Cumhurbaşkanlığı hükümet sistemini tam olarak kabullenemeyen siyasi elitler ve örgütlerin direnişlerinin de yerel seçimlerin ardından bitmese de şekil değiştireceği görülüyor. Bütün bunların yanında AKP-MHP çizgisinin yeni anayasa konusundaki cüretlerinin de sınırlarını yerel seçimler belirleyecektir.

Türkiye’yi benzeri otoriter ülkelerden ayıran toplumun seçim alışkanlığı, hevesi ve enerjisidir. Otoriter yönetim gerçeğini bilerek toplumdaki enerjiyi demokratik kurumların tesisi için harcayabilir ise Türkiye’nin demokratik bir zemin oluşturma imkanı hala mevcuttur. Bu zeminin oluşmasında 2024 yerel seçimleri etkili olabilir. 2028 seçimleri ve olası anayasa değişikliğinin çerçevesi, sınırları yerel seçimle belirlenecektir.

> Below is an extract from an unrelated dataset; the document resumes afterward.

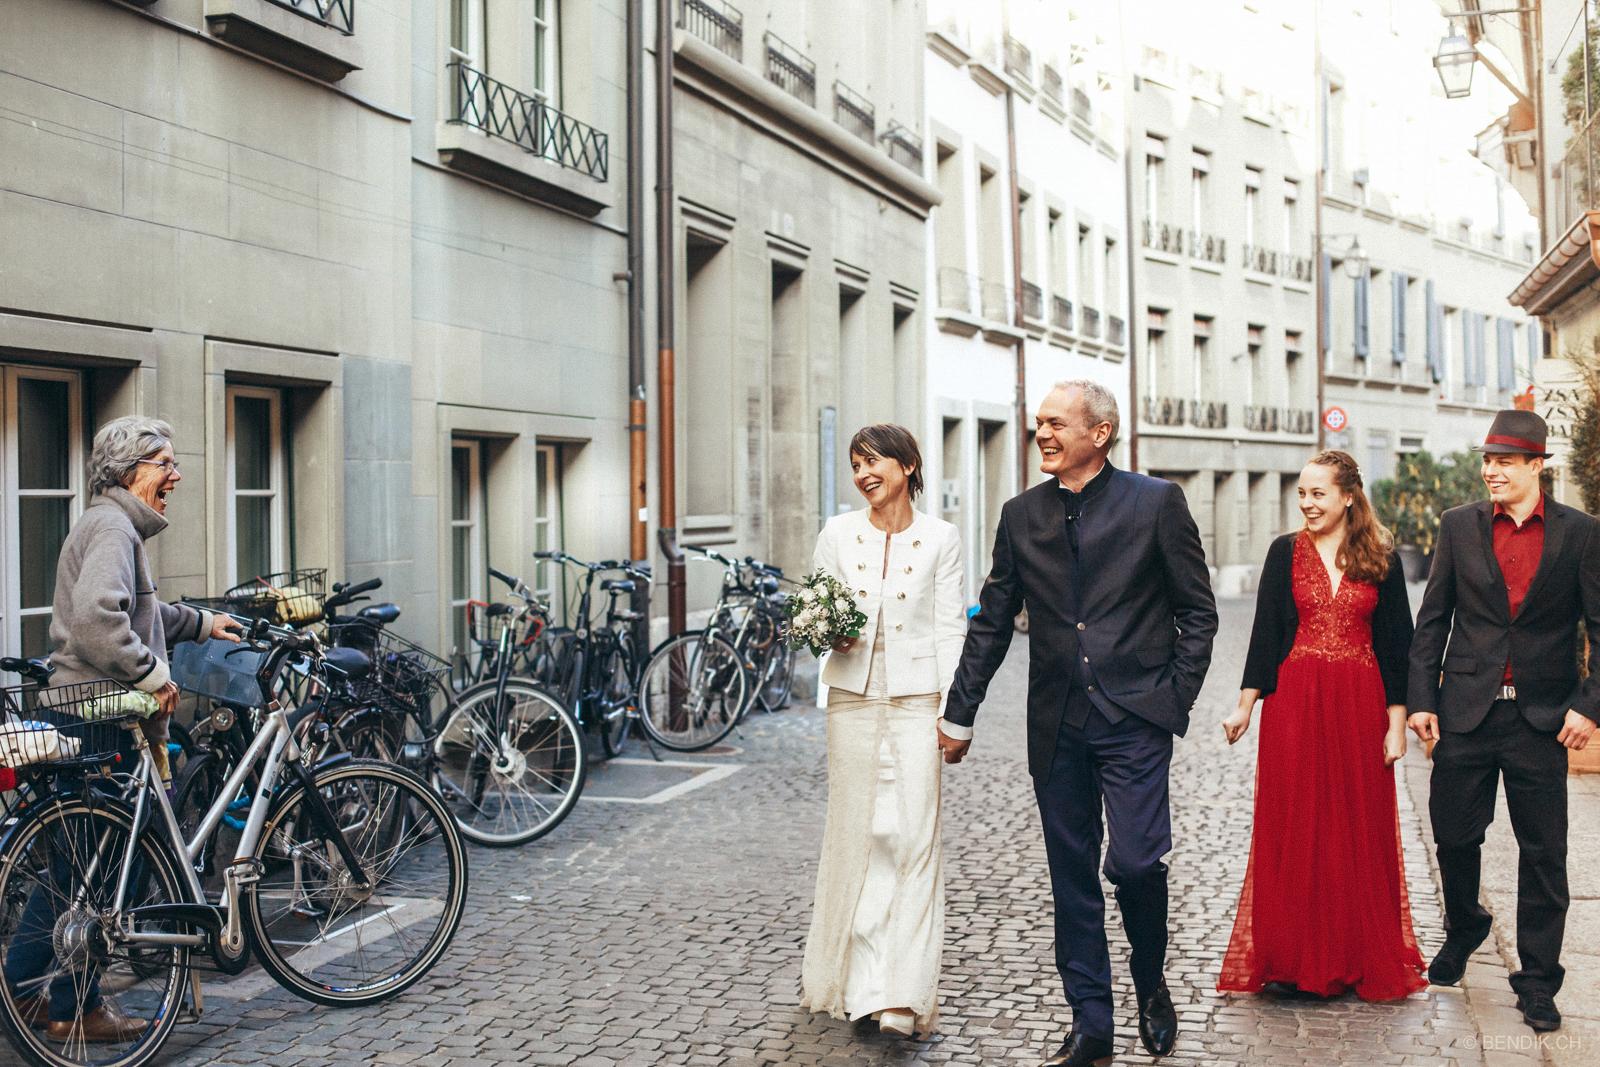 Passantin mit Fahrrad gratuliert lachend frischvermählten Brautpaar in Bern

Sonuç olarak seçimlerin kendisi Türkiye’deki en büyük özgürlük kaynağıdır. Mevcut iktidara alternatif yegane meşruiyet kaynağı olarak seçimlere ihtiyacımız da açıktır. Seçim oyunun otoriter rejimin sınırları içinde oynandığını bilerek ama elde de başka imkan olmadığının farkında bir akılcılık ve temkinle seçimlere sarılmaya devam etmeliyiz.